As many of my subscribers  and readers know, I have caught many companies on the short side as they imploded. One company that I did not get was American International Group. The reason it escaped me? I was too close to it. I have met Frank Tizzio (then president), Maurice Greenburg (then CEO and Chairman), and a several of their upper management to collaborate on deals, and was impressed with the way they ran their shop. Because of this, I didn't apply the same critical, skeptical eye that I used with the other prospects. Alas, because of such, I overlooked the inevitable, and in retrospect, the blatantly obvious. Well, I have learned my lesson. The lesson learned from AIG was not wasted on me, but does seem to have been wasted on many others. With this thought in mind, let's review the net, unhedged swap exposure of a few of our analysis subjects. I think a few of my readers may have their eyebrows raised. Some things are actually hiding in plain sight. I have made this short description of what I see as Bank of America, the naked swap dealer, available for free download, but you must register (I made the process very quick) to get it. I know it is a pain in the ass, but I want to be sure that the disclaimer is acknowledged by all who access the document. Thank our litigious society. See BAC Swap exposure_011009 BAC Swap exposure_011009 2009-10-01 10:44:45 1.02 Mb. I need for all to know that, in my opinion, bank reporting is quite opaque, so it is not very easy to get granular information out of it. The conclusions drawn from this post and the accompanying downloads are derived from BAC's publicly available documents and are the result of my best efforts to piece the information together. For those who do not know of me, you can reference the "who am I"section below to see how well this process has worked in the past. 

For the sake of nostalgia, here is an old post of Bank of America's estimated ABS inventory: BAC ABS Inventory ABS Inventory 2008-02-25 06:48:09 0 bytes. I will be releasing similar analysis of other banks and insurers to subscribers over the next day or two, and then to the public a day or two before their respective earnings announcement.

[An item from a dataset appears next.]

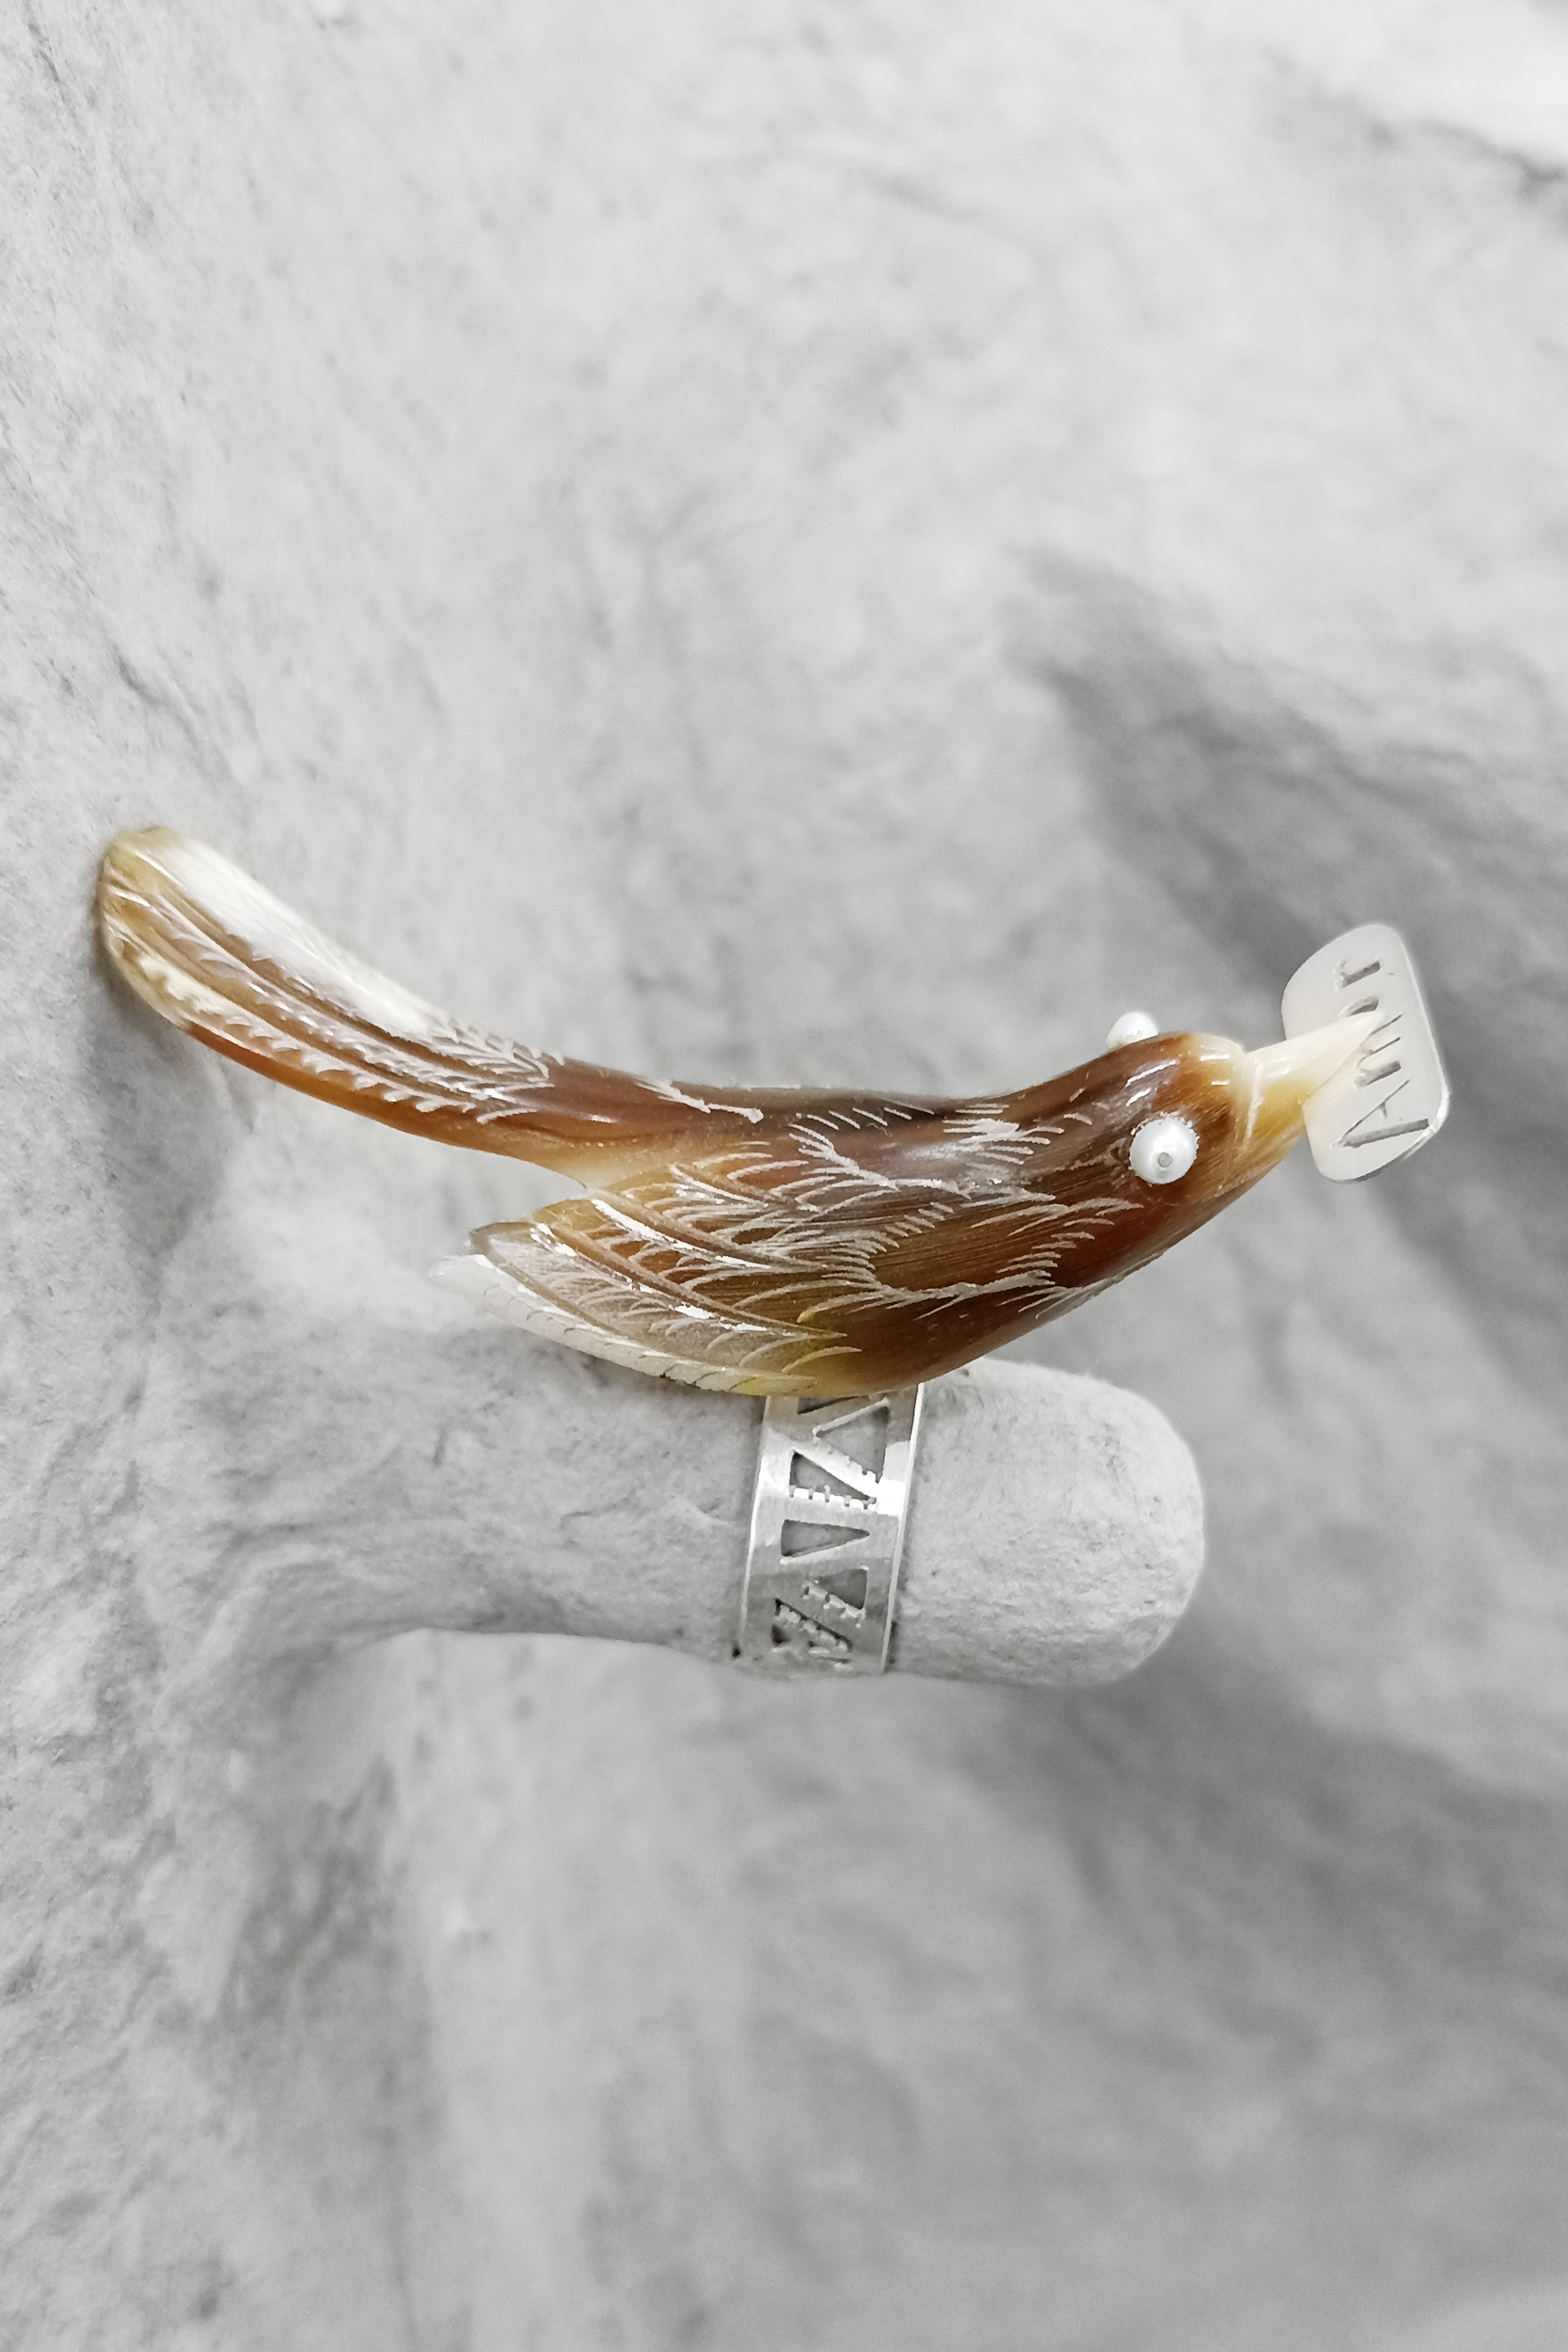 10 Ulrike Johannsen, Amor, 2022. Horn, pearls and silver, 4x7x2,5 cm

 The following is the bailout AIG story as excerpted from Wikipedia and annotated the BAC way by your friendly neighborhood blogger, Reggie Middleton, in bold, italic font:

Chronology of September 2008 liquidity crisis

On September 16, 2008, AIG suffered a liquidity crisis following the downgrade of its credit rating. Industry practice permits firms with the highest credit ratings to enter swaps without depositing collateral with its trading counter-parties. When its credit rating was downgraded, the company was required to post additional collateral with its trading counter-parties, and this led to an AIG liquidity crisis. [Here's a quick glance at Bank of America's current rating as compared to AIG's, both before and after their "incident". Be aware that this is not my proprietary rating (which would be substantially lower), but that of the oh so accurate major rating agencies. I doubt if they have taken this naked and unhedged exposure into consideration!]

Click graphics to enlarge

aig_credit_rating.jpg

 bac_credit_rating.jpg

AIG's London unit sold credit protection in the form of credit default swaps (CDSs) on collateralized debt obligations (CDOs) that had by that time declined in value.[18] [The lower quality assets are the most likely to decrease in value dramatically. One should keep this in mind, for BAC has written $116 billion on non-investment grade (junk) credit derivatives and $3 billion in junk total return swaps. They have hedged, but not completely. My calculations and estimates have BAC with a carrying value of unhedged exposure of around $32 billion and a notional unhdeged exposure of $348 billion]. The United States Federal Reserve Bank announced the creation of a secured credit facility of up to US$85 billion, to prevent the company's collapse by enabling AIG to meet its obligations to deliver additional collateral to its credit default swap trading partners. [Keep in mind that BAC just gave up its government guarantee on the JUNKY assets acquired with the Merrill Lynch acquisition. Merrill Lynch was one of the, if not the LARGEST writer of CDS on Wall Street! BAC also bought Countrywide, arguably the most wretched pool of subprime and under-performing mortgage assets in this country.] The credit facility provided a structure to loan as much as US$85 billion, secured by the stock in AIG-owned subsidiaries, in exchange for warrants for a 79.9% equity stake, and the right to suspend dividends to previously issued common and preferred stock.[16][19][20] AIG announced the same day that its board accepted the terms of the Federal Reserve Bank's rescue package and secured credit facility.[21] This was the largest government bailout of a private company in U.S. history, though smaller than the bailout of Fannie Mae and Freddie Mac a week earlier.[22][23] [Well, we shall see, since Bank of America is currently the largest bank in America. We still have time to set a new record.]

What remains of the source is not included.